When you think about things like wit and humor and song and poetry and art, none of these things seem to help you survive. They certainly wouldn’t have been much use in the African savannah for hunter-gatherers, but they help you get mates. 

Sydney Opera House, Australia. Evolutionary psychologist Geoffrey Miller argued that a lot of human behavior — from art and architecture to ethics — can be better explained as the result of mate choice than natural selection. (Credit: Dietmar Rabich / Wikimedia Commons)

Now, these traits may have another function which is more like natural selection in that they help you survive in a group and encourage others to like you. There’s a social brain hypothesis that is well-developed. But the sexual brain hypothesis has never really been explored adequately except by Miller.

I think he’s onto something.
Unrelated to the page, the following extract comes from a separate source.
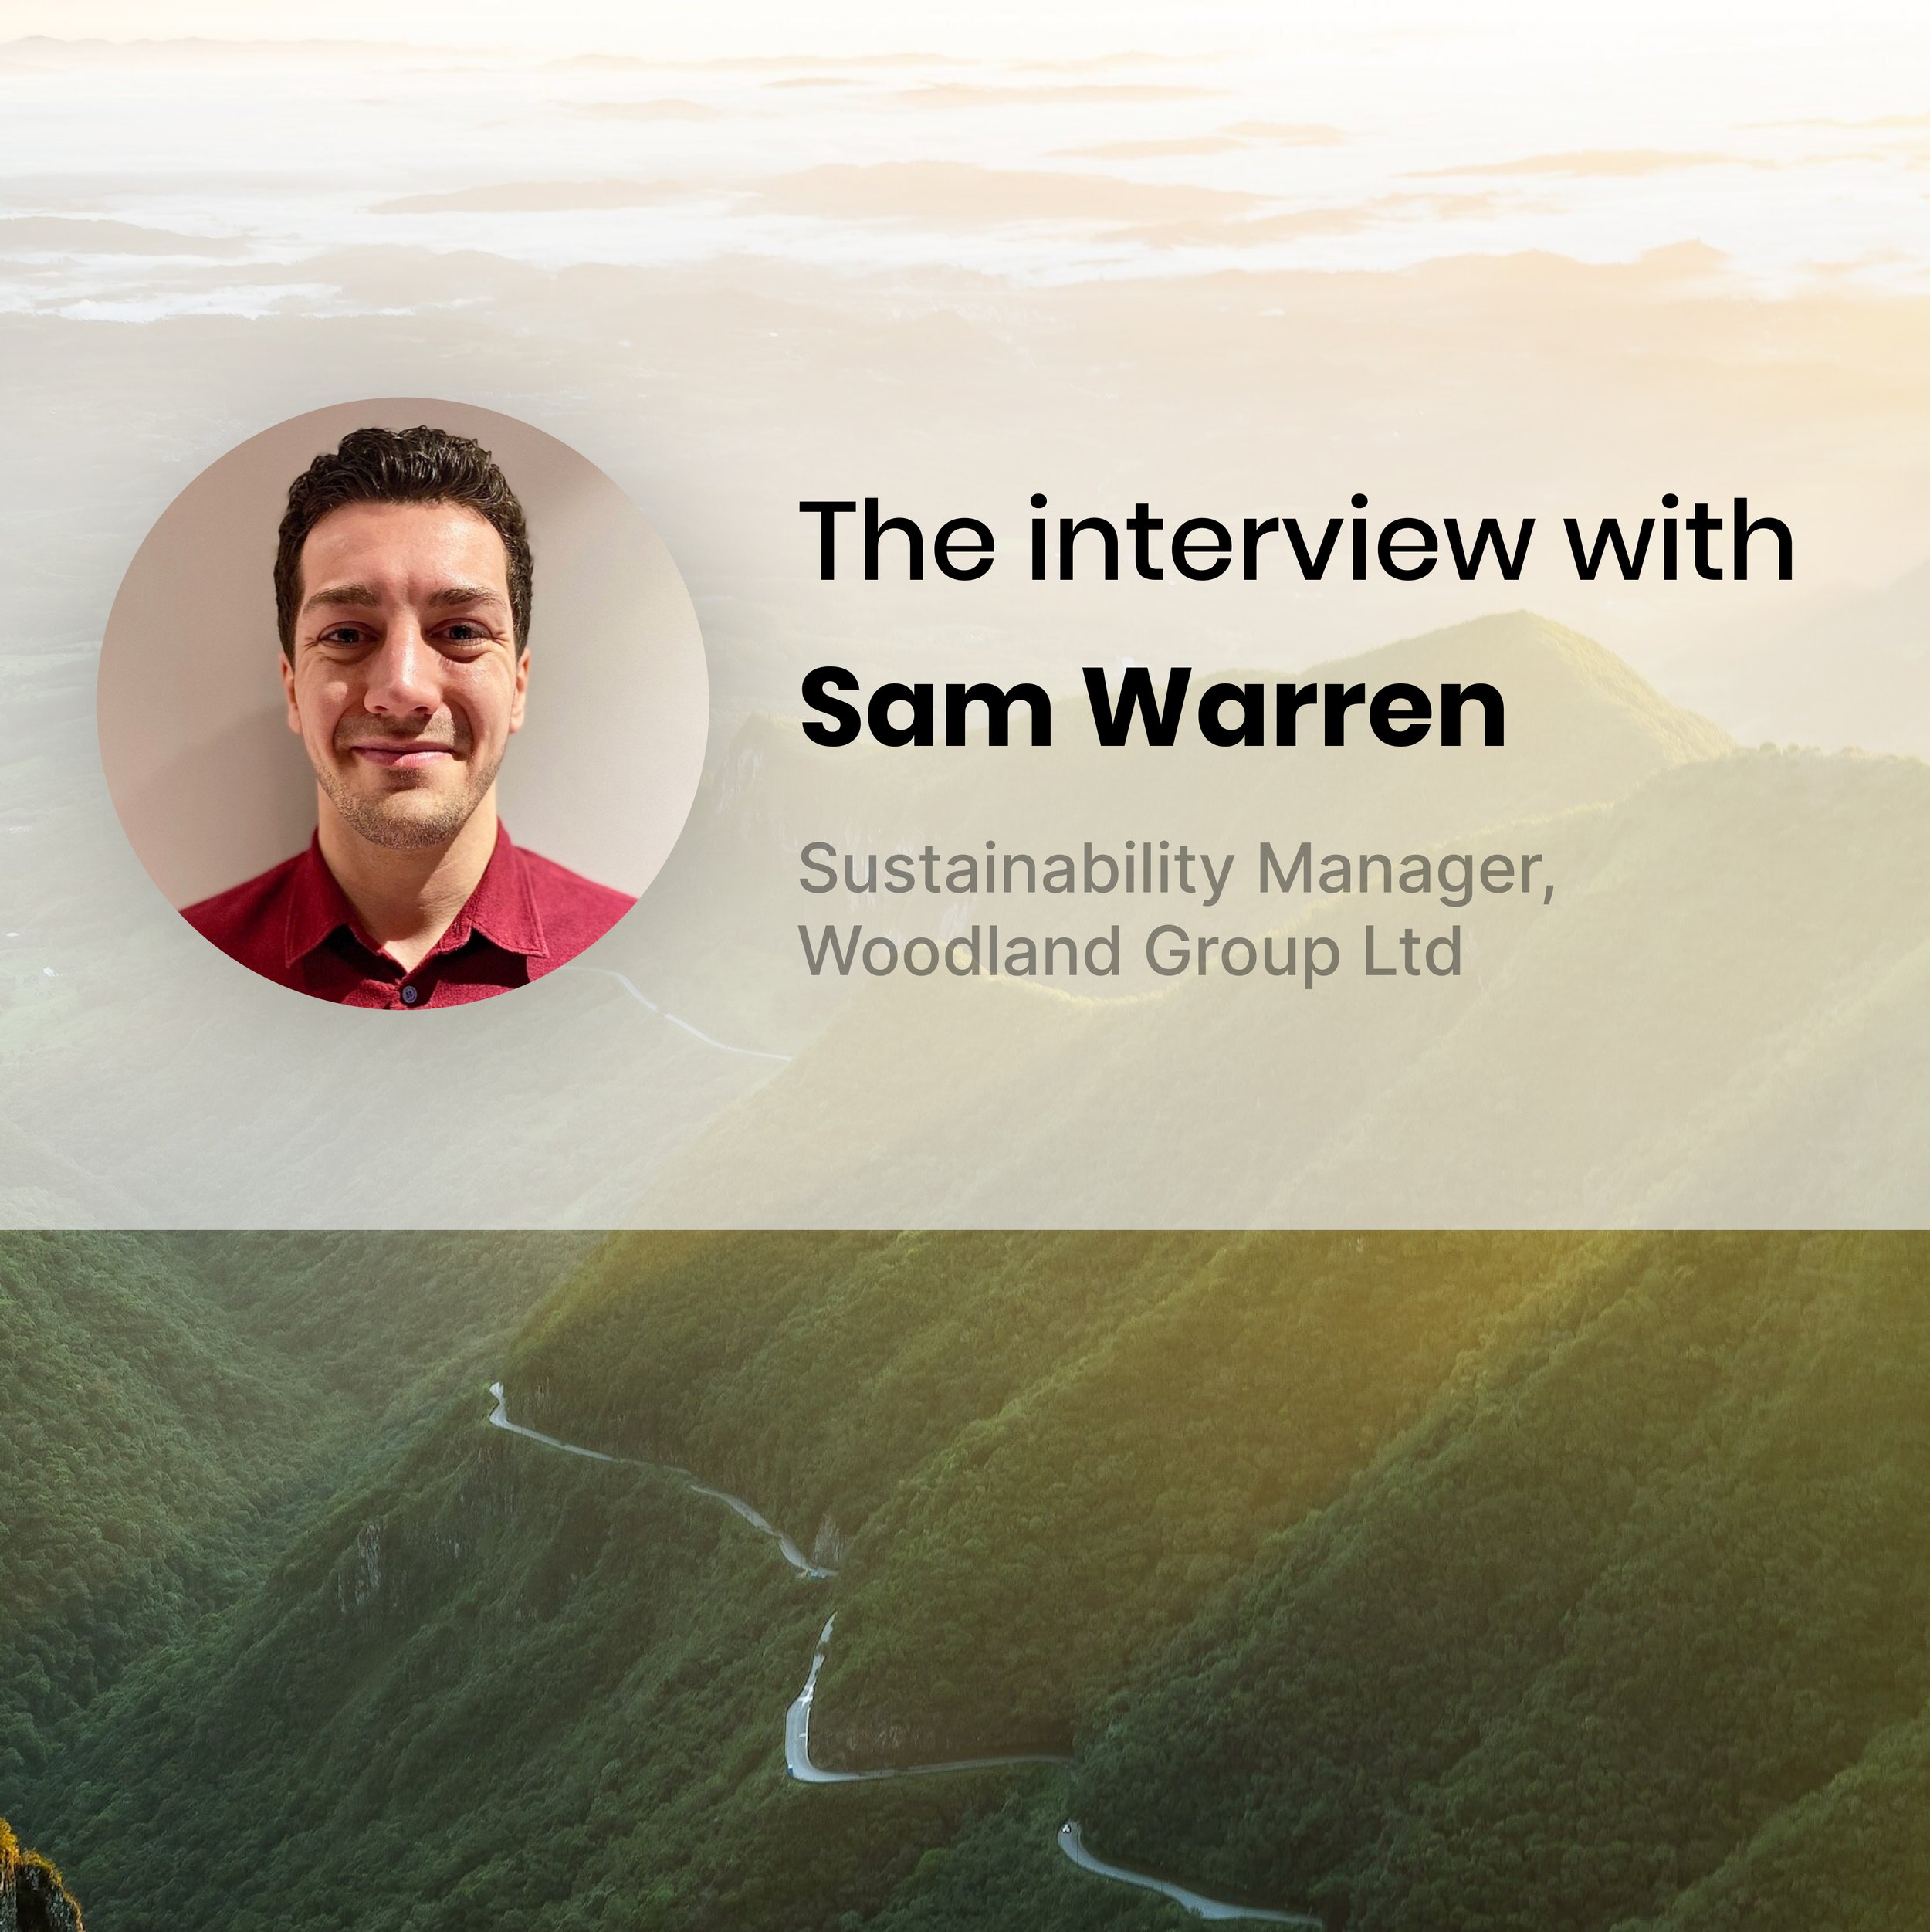 Establishing Sustainability within a Company: The Interview with Sam Warren

We shouldn’t neglect this because it’s the one evolutionary mechanism we know that produces sudden expansion in organs in quite surprising directions. And there is something very sudden about the human brain size getting bigger, which didn’t happen in other species. Why not? Why isn’t the world full of creatures with big brains? What was it about human society that made a big brain advantageous? Possibly, it was a mate-choice thing.

Big Think: So why do you think the idea has generally been thrown by the wayside?
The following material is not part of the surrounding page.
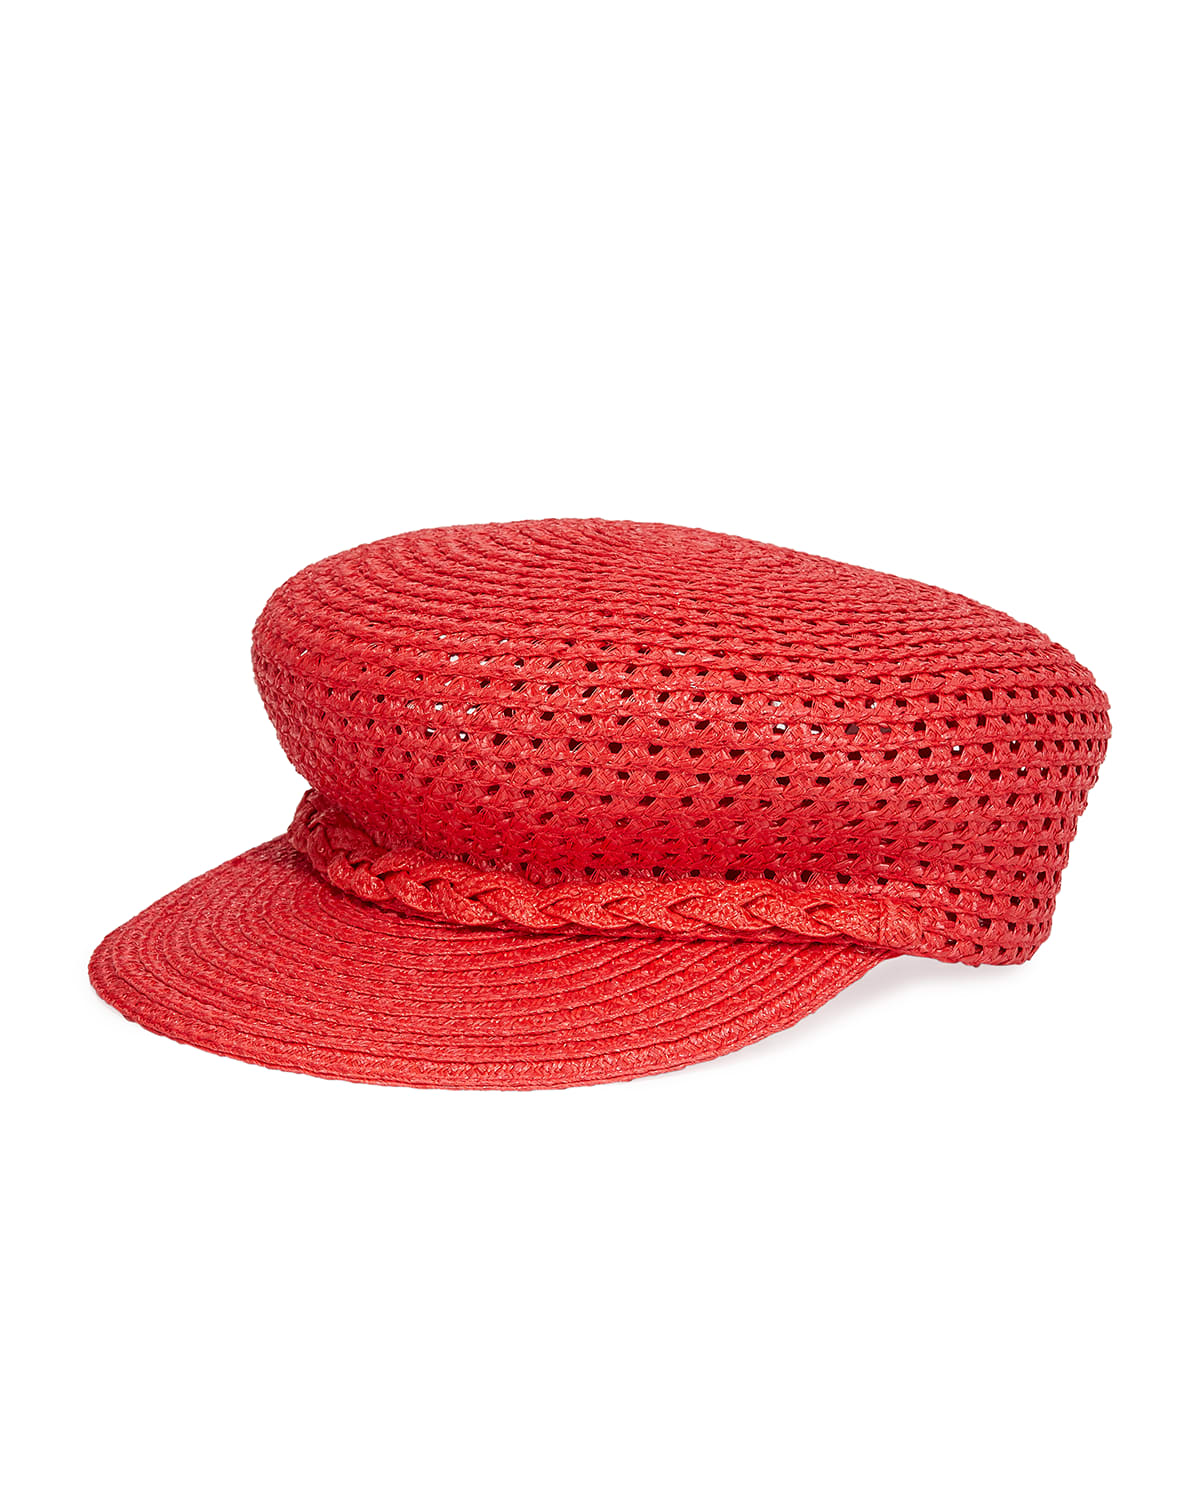 Eric Javits Capitan Woven Squishee Newsboy Hat In Red

Ridley: Well I think it’s partly because sexual selection was very out of fashion even in evolution until quite recently. It barely got mentioned in the great books about evolution in the 20th century. They’re all talking about natural selection.

Big Think: So not only has our understanding of birds been hampered by a puritanical hangover, but so has our understanding of ourselves in a way?

Ridley: That’s partly true. And you know you can sound a little prurient, frivolous, and odd if you start talking about the brain as a seduction device or the sexual role of the mind. It’s a slightly embarrassing way of joining the conversation. But why not have a go at it? I’m old enough that I don’t need to worry too much about what people think of me.